Laten we ter illustratie twee mogelijke scenario's bekijken:
Scenario 1:Lener ontvangt de overtollige opbrengst
- In staten met strenge wetten ter bescherming van leners heeft de lener recht op het verschil tussen de wederverkoopprijs en de totale schuld, na aftrek van eventuele toegestane kosten.
- De autodealer moet het overtollige bedrag rechtstreeks aan de lener terugbetalen, of het crediteren met eventuele andere openstaande schulden of kosten die verband houden met de terugneming.
Scenario 2:overtollige opbrengsten worden gebruikt door de kredietverstrekker
- In sommige staten kan het de kredietverstrekker of autodealer worden toegestaan de overtollige opbrengsten in te houden, maar zijn zij verplicht een gedetailleerde boekhouding aan de kredietnemer te verstrekken.
- De kredietverstrekker kan dit rechtvaardigen door extra kosten te declareren die in eerste instantie niet zijn verantwoord tijdens het terugnemingsproces.

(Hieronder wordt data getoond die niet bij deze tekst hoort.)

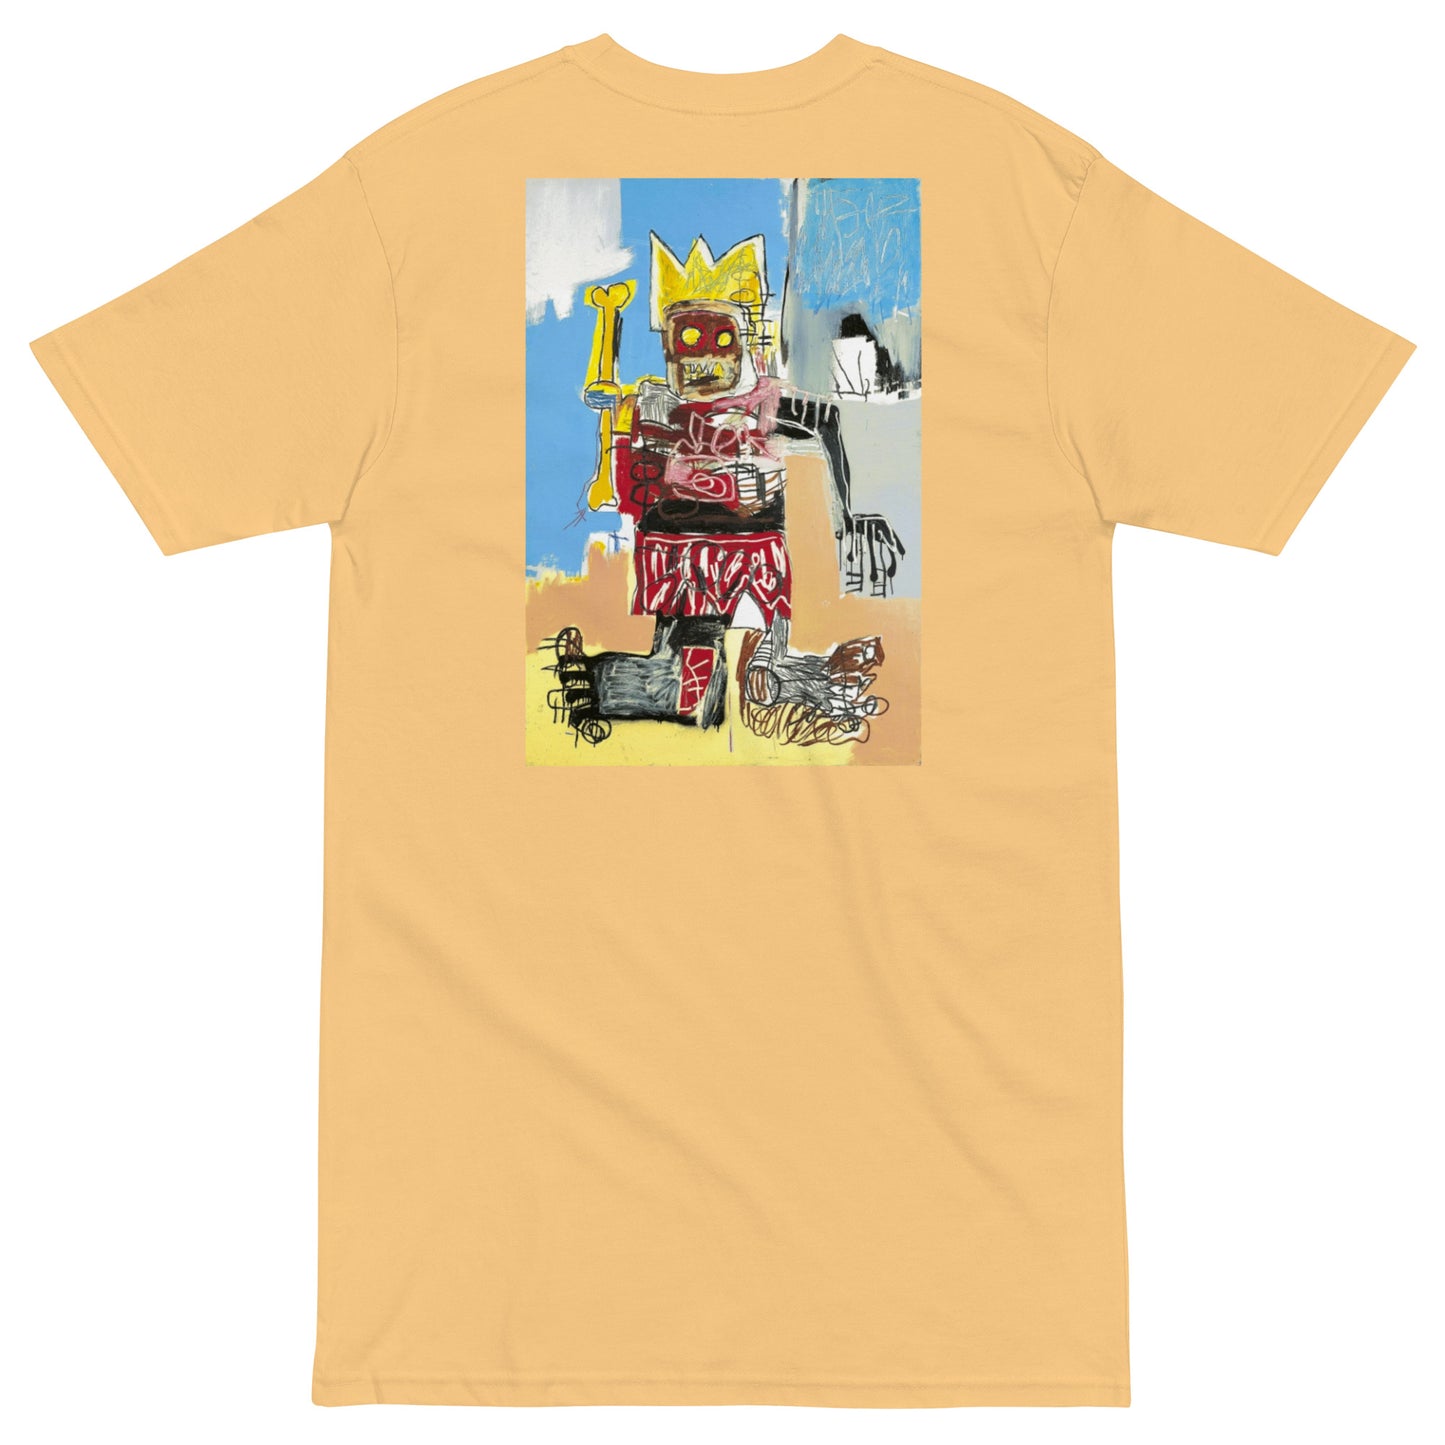 Jean-Michel Basquiat "Untitled" 1982 Artwork Embroidered + Printed Premium Streetwear T-shirt Yellow
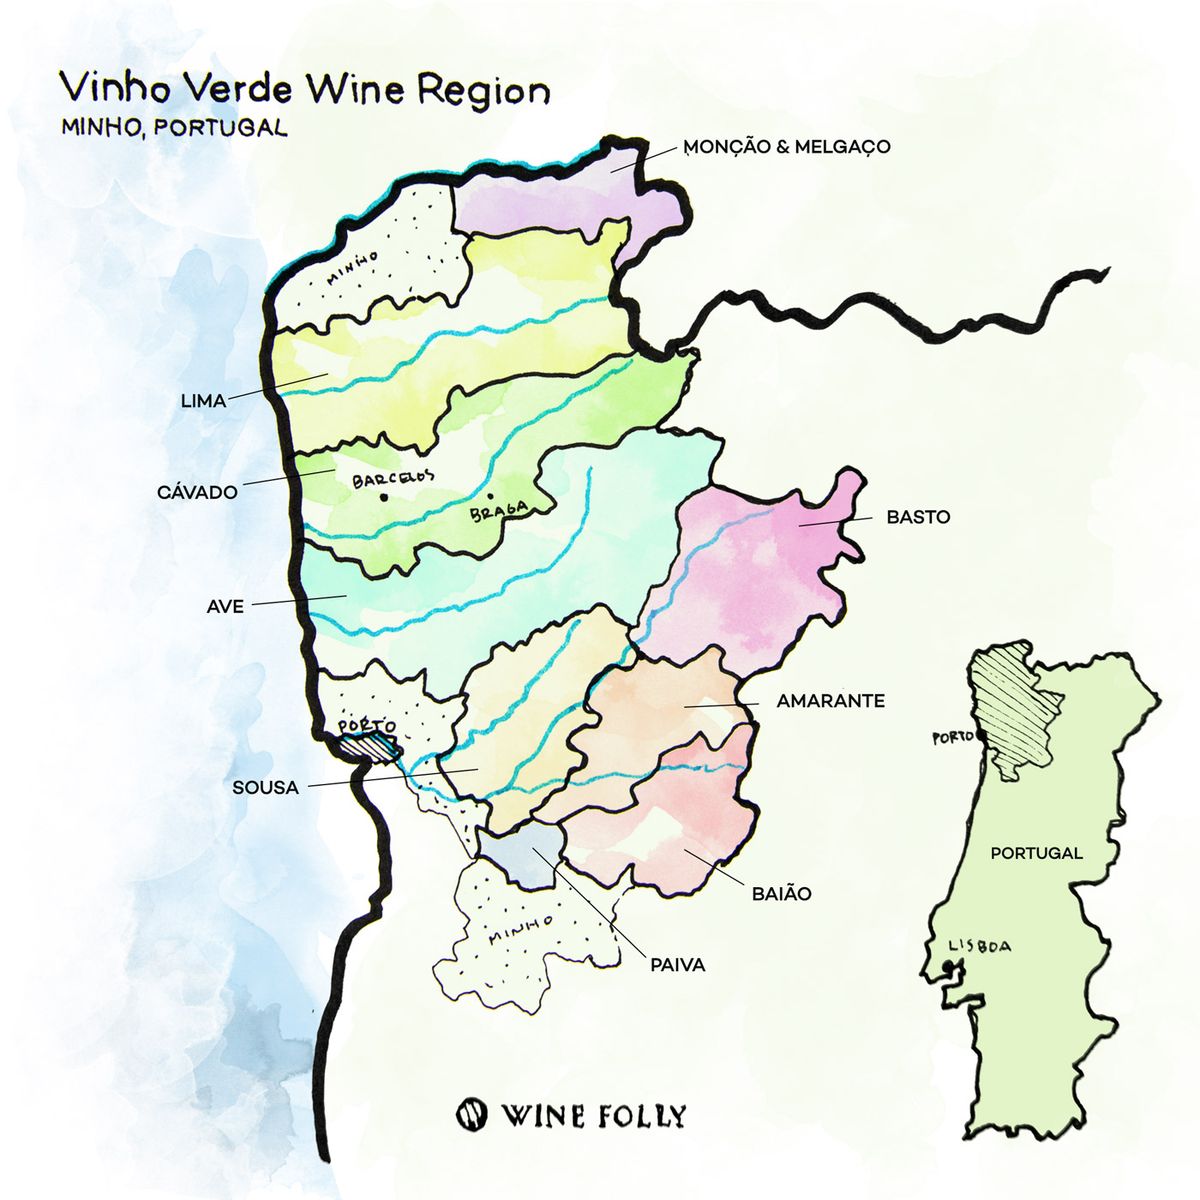 Vinho-Verde-Region-Minino-Portugal-WineFolly

- De kredietnemer moet mogelijk deze kosten aanvechten of een klacht indienen bij de relevante consumentenbeschermingsinstanties als hij zich zorgen maakt over de juistheid van de verstrekte boekhouding.
Het is essentieel dat de lener zich bewust is van zijn rechten onder de toepasselijke staatswetten en proactief informeert naar eventuele overtollige gelden uit de verkoop. Als het proces niet transparant is of als de lener van mening is dat er sprake is van een discrepantie, wordt aanbevolen juridisch advies in te winnen of consumentenbeschermingsorganisaties te raadplegen voor verdere begeleiding bij het doen gelden van hun rechten op eventuele overtollige opbrengsten die voortvloeien uit de wederverkoop.